Cecilia yang duduk disamping Naura ikut menyahut, “Mungkin belum kali, baru tiga bulan kan? Nanti kalo udah gede juga baru kerasa capeknya,” 

“Betul tuh! Lagian kok lo boleh nikah sebelum lulus kuliah, kalo gue sih udah diusir dari rumah kali,” Nah kalau ini Jiya yang bicara. Demi apapun, mendengar ocehannya membuat Anjani menahan diri untuk tidak menarik rambut cewek bermulut lemes itu. Tidak etis sekali membandingkan hidup mereka seperti itu.

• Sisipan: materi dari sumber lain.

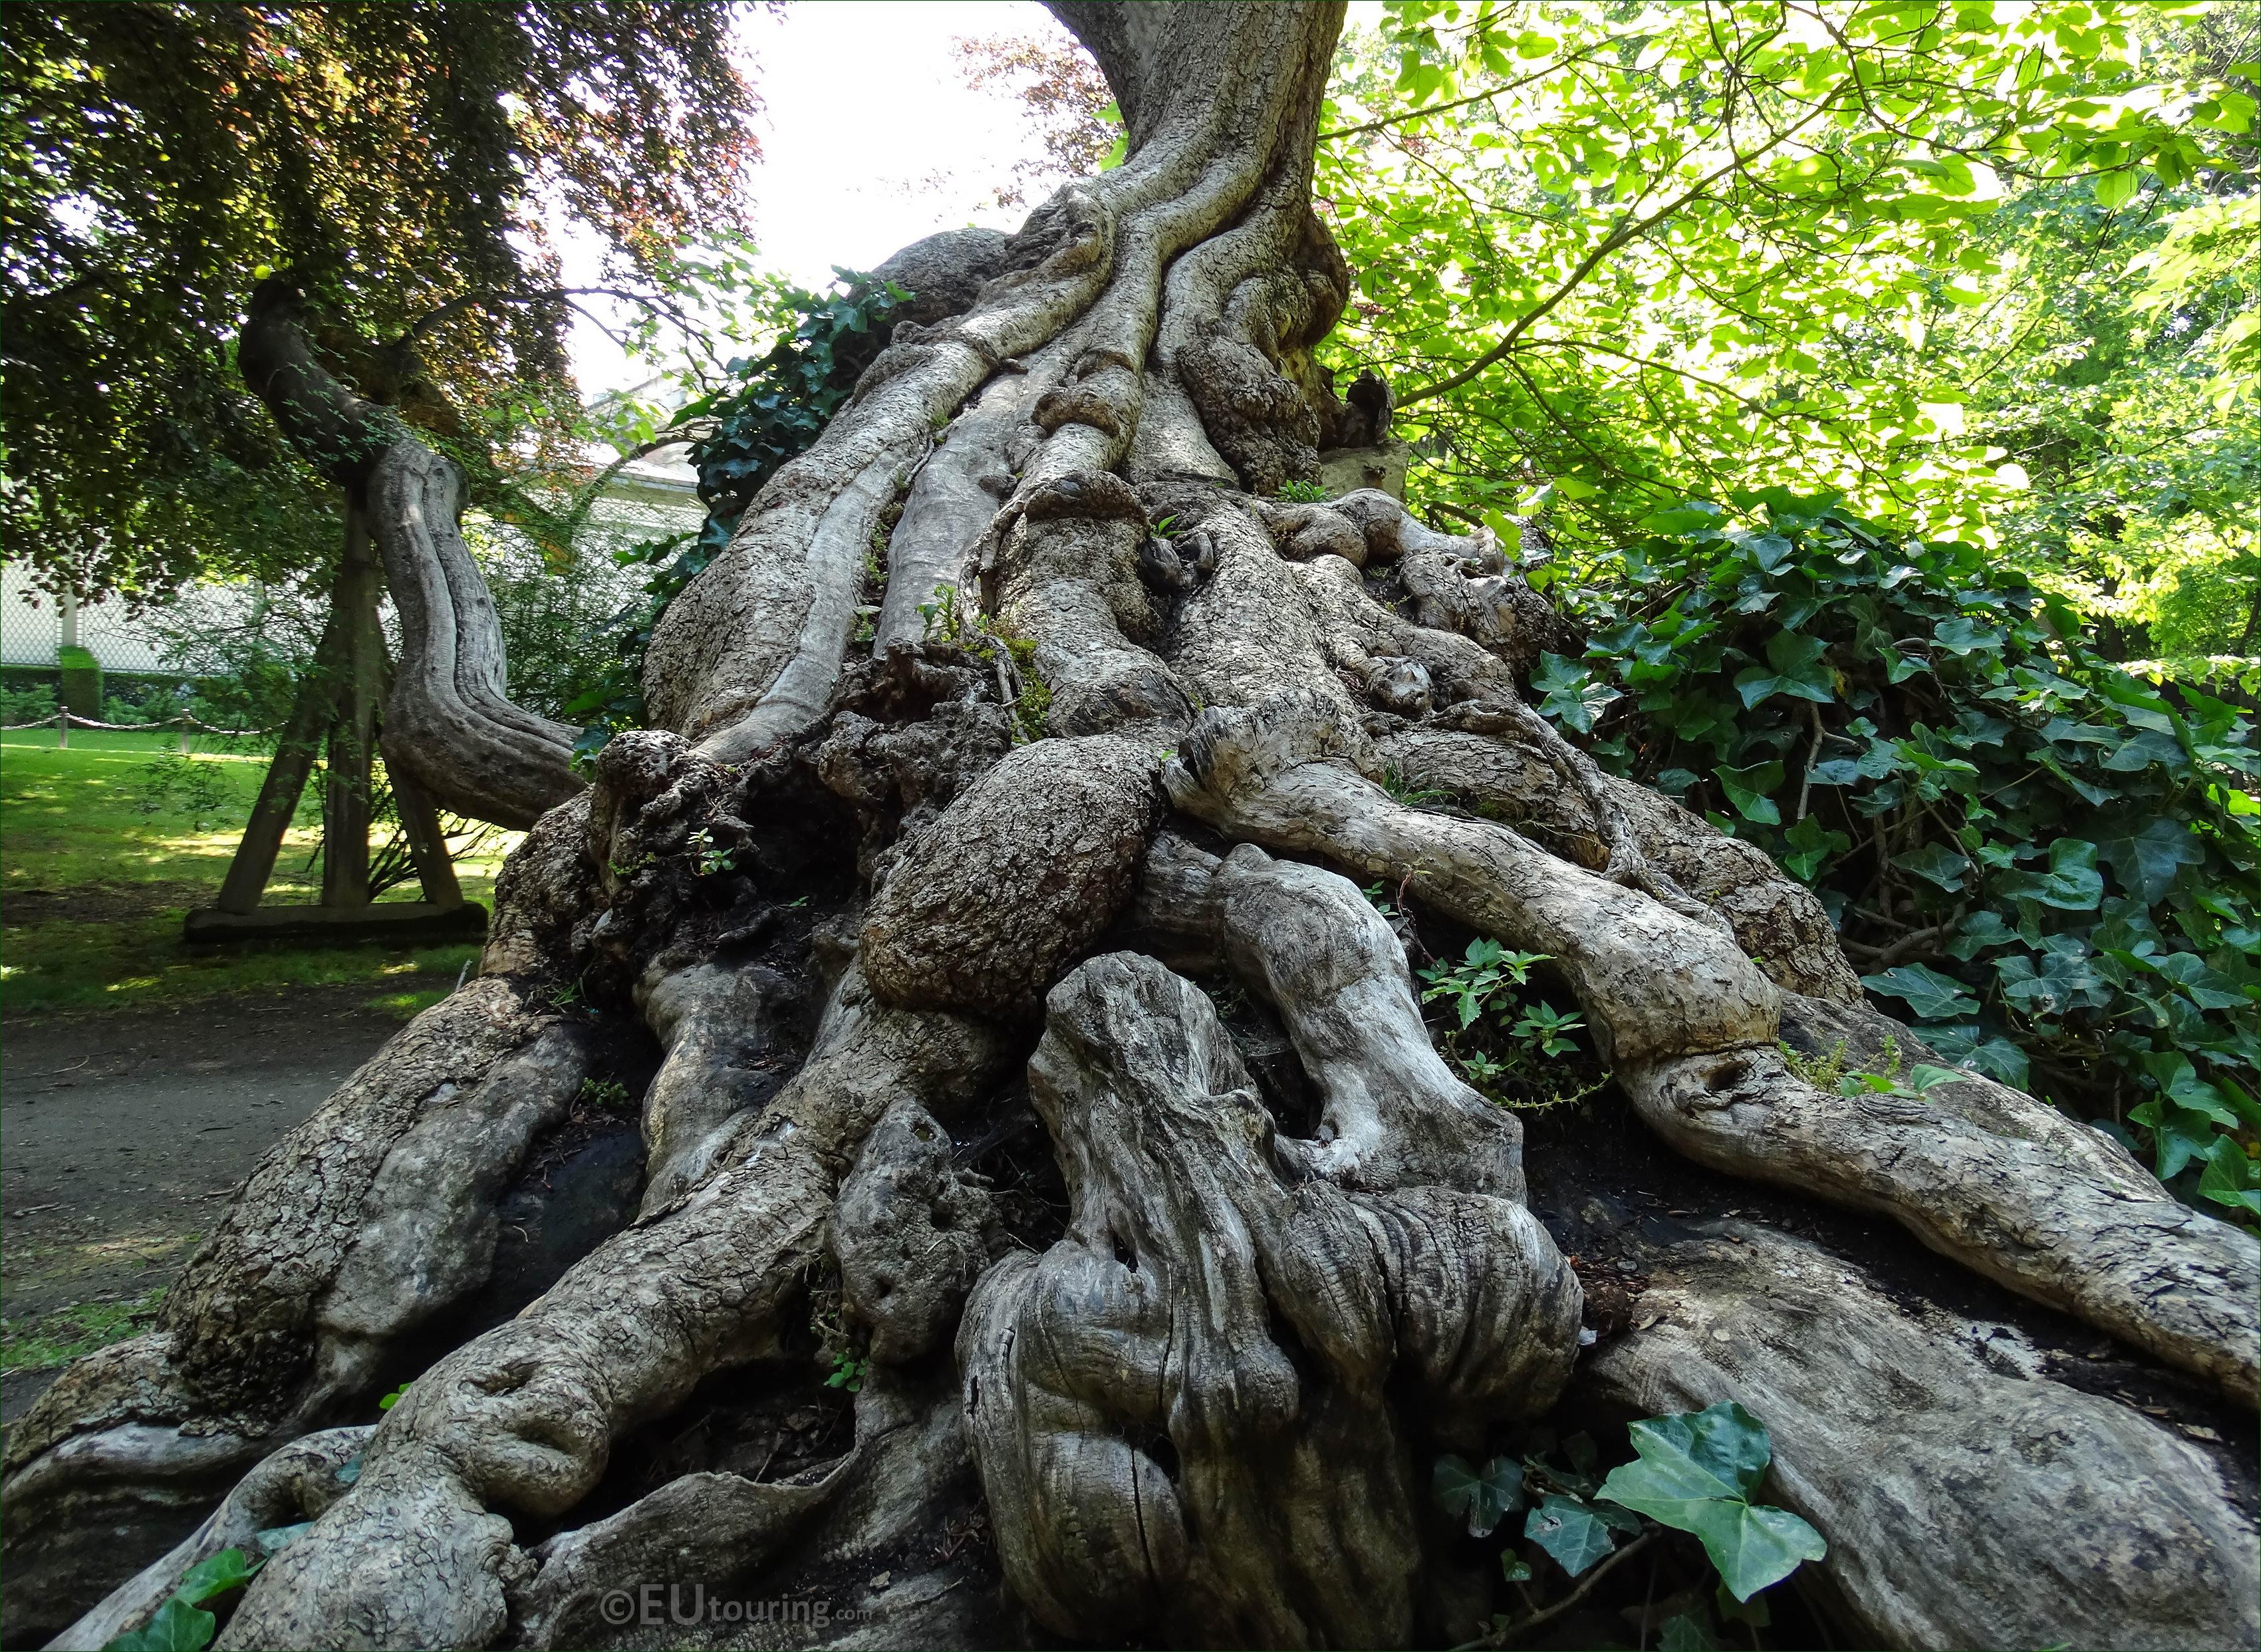 Photos of jardin du luxembourg public gardens in paris for Au jardin du luxembourg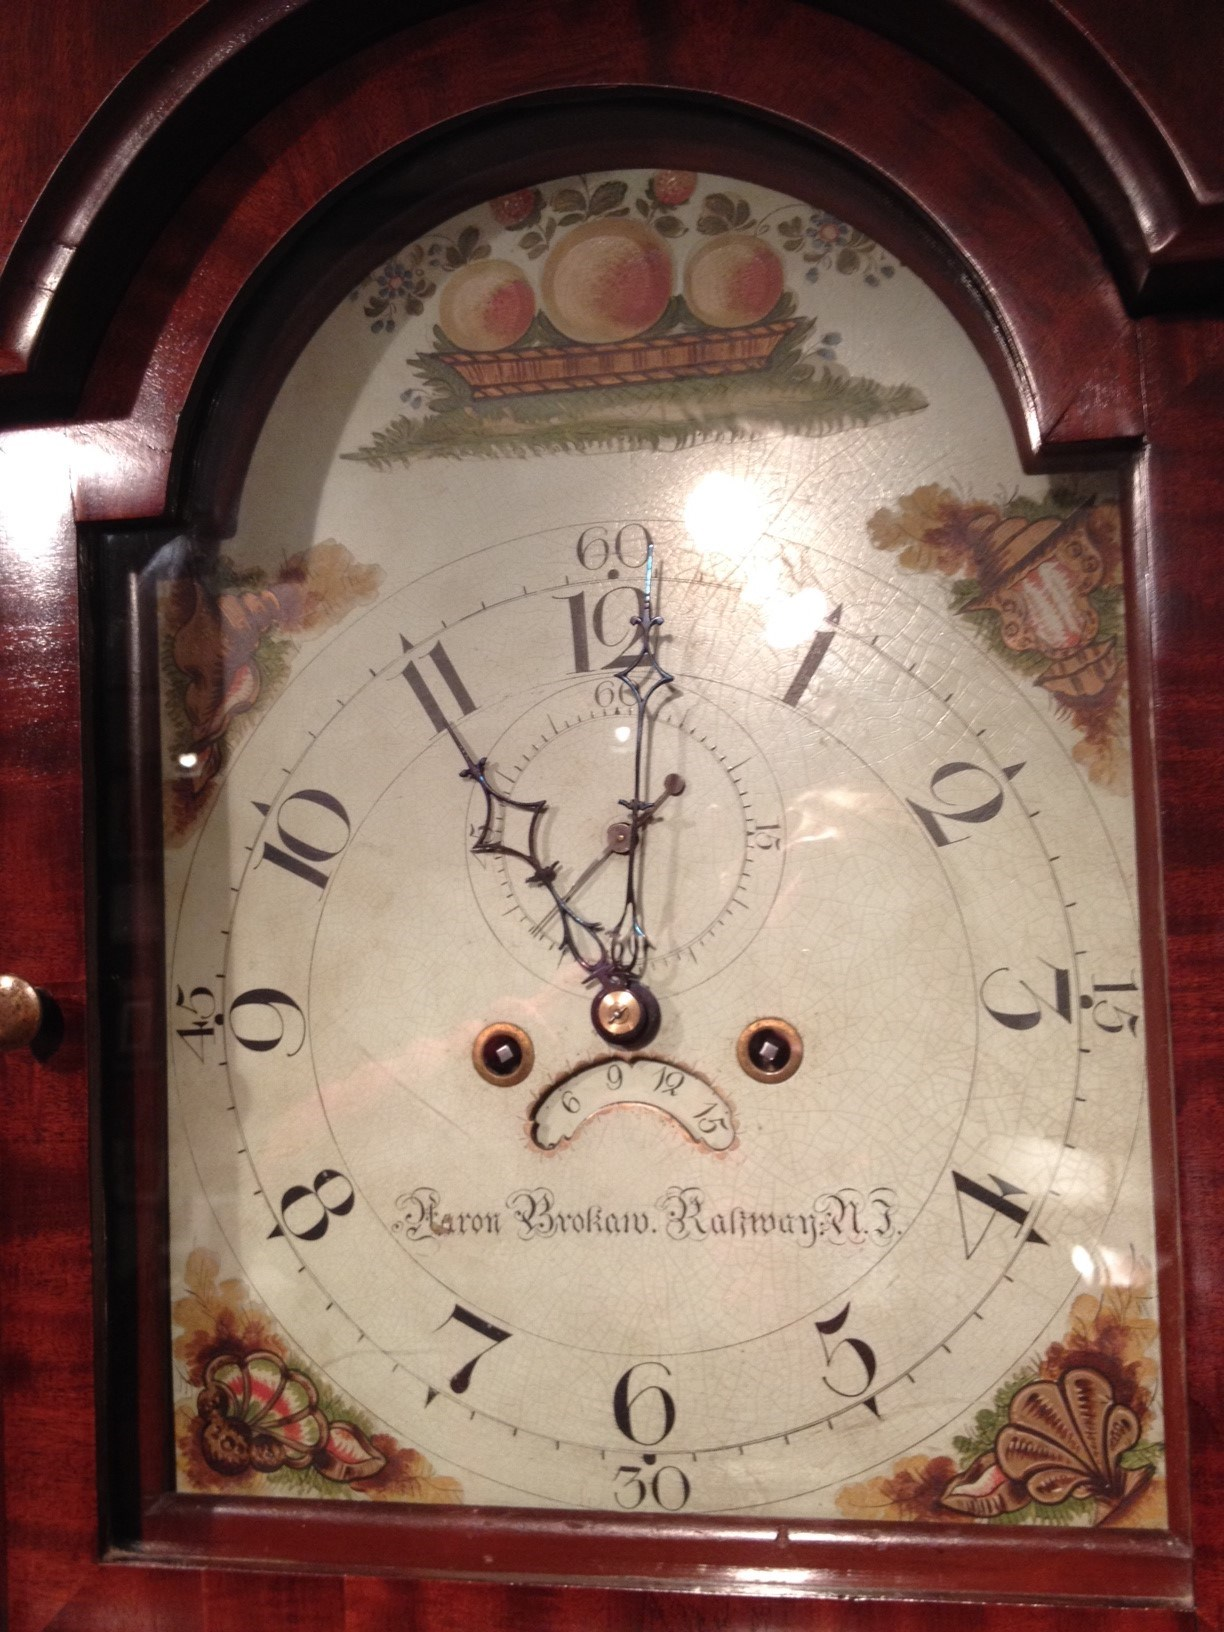 Detail of Painted Dial on Longcase Clock by Aaron Brokaw. Raffety Ltd

Gigi Anjani menggertak, tapi sekuat mungkin ia menahan emosinya. Reputasinya di kampus tidak boleh rusak hanya karena ocehan sampah mereka. Hal seperti ini yang kadang bikin Anjani malas bergabung dengan teman – teman ceweknya. 

“Udah gitu nggak nunda buat hamil lagi, seenggaknya tunggu lulus gitu. Mana suami lo lanjut S2 di Jogja, kan? Nggak ngertiin keadaan lo banget sih,” ujat Cecilia mengompori. 

Anjani tertawa. Cecilia tersentak kaget, apa ucapannya tadi terdengar lucu ditelinga calon ibu muda itu? 

“Hahaha, aduh! Gak kuat hahaha,” Anjani masih tidak bisa menghentikan tawanya. Astaga, teman-temannya lucu sekali. Berbicara seenaknya seolah mereka paham betul tentang rumah tangganya dengan Arsya. 

“Kalian ngomong gitu karena nggak tau rasanya punya suami kayak Arsya” ujar Anjani setelah berhasil menghentikan tawanya. 

'Males ah jelasinnya, kalian nggak bakal ngerti, ini perihal rumah tangga,” kata Anjani lagi. 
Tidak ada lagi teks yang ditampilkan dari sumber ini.